“Il a dit qu’il était là pour tuer tous les Arabes.” Maryam*, 46 ans, est encore sous le choc, trois semaines après les faits. Ce 13 mai 2025, un homme s’en est pris à sa fille, et à celle de sa voisine, Fanny*, devant leurs maisons. (...)
Ce soir de la mi-mai, un intrus approche les fillettes. “Un jeune, pas plus de 25 ans”, précise Fanny. Les quatre adultes ne l’aperçoivent pas immédiatement. Léna, la fille de Fanny, est la première à alerter. “Elle est rentrée en courant, choquée. Je l’ai vue toute blanche… Elle nous a dit qu’elle était en danger”, affirme la mère de famille. (...)
Dans le dépôt de plainte que nous avons pu consulter, les deux fillettes racontent ce qu’elles ont vécu avec leurs mots. “En fait, il y a un monsieur qui voulait nous tuer”, déclare Noura, la petite de Maryam. “J’ai vu le monsieur qui avait un couteau dans sa poche. Il a demandé si j’étais arabe, et Lena aussi.” Cette dernière répond alors “moitié-moitié” ; Noura répond simplement “oui”. (...)
“Moi je suis rentrée et ma copine est restée dehors”, explique ensuite Lena. “Le monsieur a voulu la prendre et l’emmener sur un banc mais elle a pas voulu.
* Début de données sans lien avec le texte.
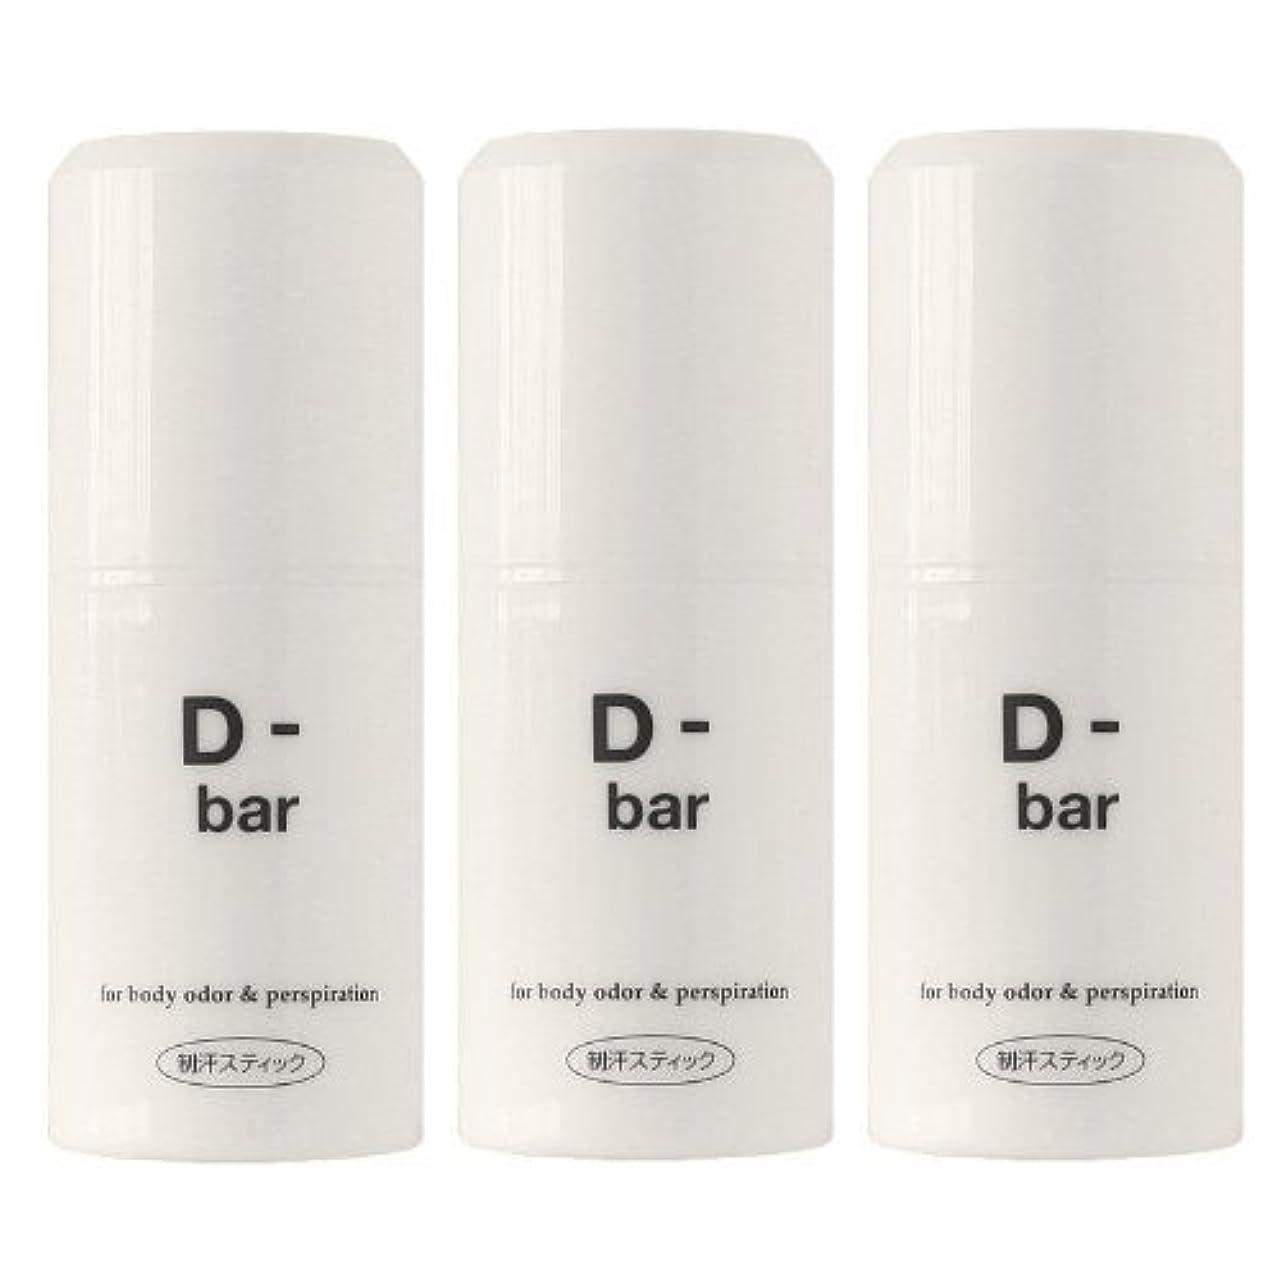 時代遅れ犯人すなわちディーバー(D-bar) 3本セット

Elle est rentrée en courant car elle a vu un couteau dans sa poche.” “J’ai couru pour rentrer chez moi et il m’a poussé”, précise de son côté Noura. “J’ai failli tomber (...) Je suis rentrée en pleurant et j’ai dit à mon papa : ‘Viens, il y a un monsieur qui veut te parler’”.
Léna et Noura se souviennent toutes les deux avoir entendu l’homme dire “je vais tuer tous les enfants d’Arabes”. “Ma copine et moi, on a pleuré. On avait peur qu’il nous tue”, souffle la petite Lena. (...)
Une fois les parents alertés, l’agresseur renouvelle ses menaces à leur encontre. “Il disait : ‘Je suis armé, j’ai un couteau’ en montrant sa poche’ puis ‘je veux tuer des enfants arabes et je vais revenir avec une Kalachnikov’ ou encore ‘j’ai pas peur de la police’”, cite Fanny.
Les deux couples contactent les forces de l’ordre tout en lui demandant de partir. Au bout d’un long quart d’heure, il finit par quitter les lieux, non sans promettre aux victimes qu’il allait revenir. Lorsque la gendarmerie arrive, le jeune homme est interpellé alors qu’il retourne justement vers les habitations. Il est effectivement en possession d’un couteau. (...)
Il passe alors deux jours en garde à vue avant d’être libéré sous contrôle judiciaire, selon les informations communiquées par son avocat à Fanny. Les deux familles ont porté plainte et se portent partie civile. Le procès se tiendra en novembre 2025. En attendant, le traumatisme demeure.
“J’ai peur tout le temps. Je ferme les portes et les fenêtres, je n’ouvre à personne. Mon mari m’appelle à chacune de ses pauses, pour savoir si ça va”, expose Maryam, mère au foyer. “Est-ce que c’est une vie ça ?” Le conjoint de Fanny s’est retrouvé en arrêt de travail pendant trois semaines suite à cet événement. “Je ne pouvais pas le laisser partir tellement j’étais terrifiée”, relate la maman (...)
Les deux petites filles et leurs mamans ont chacune rendez-vous chez le psychologue.
Une commune supposément tranquille
Les deux familles ont choisi de vivre dans cette commune du Nord, “pour la tranquillité”. Fanny ne compte pas partir de Thumeries : “On le voit dans l’actualité, ça se passe aussi dans les grandes villes.” Maryam, elle, veut déménager dès que possible. Déjà auparavant, elle ne se sentait pas à l’aise, affirmant subir “des regards de travers”, de la part d’habitants, car elle porte le foulard. “On a des voisins qui disent à leurs enfants de ne pas jouer avec les Arabes…” (...)
La municipalité n’a pour le moment pas prévu de se porter partie civile. (...)
“Si un jeune homme d’origine étrangère avait fait la même chose, on aurait qualifié ça de terrorisme. Il faut que ce soit puni, même si c’est un Français.” (...)
Injures, provocations, diffamations… En France, en 2024, plus de 16 000 atteintes à caractère raciste, xénophobe ou antireligieux ont été enregistrées. Une augmentation de 11% des crimes et délits de cette nature par rapport à 2023.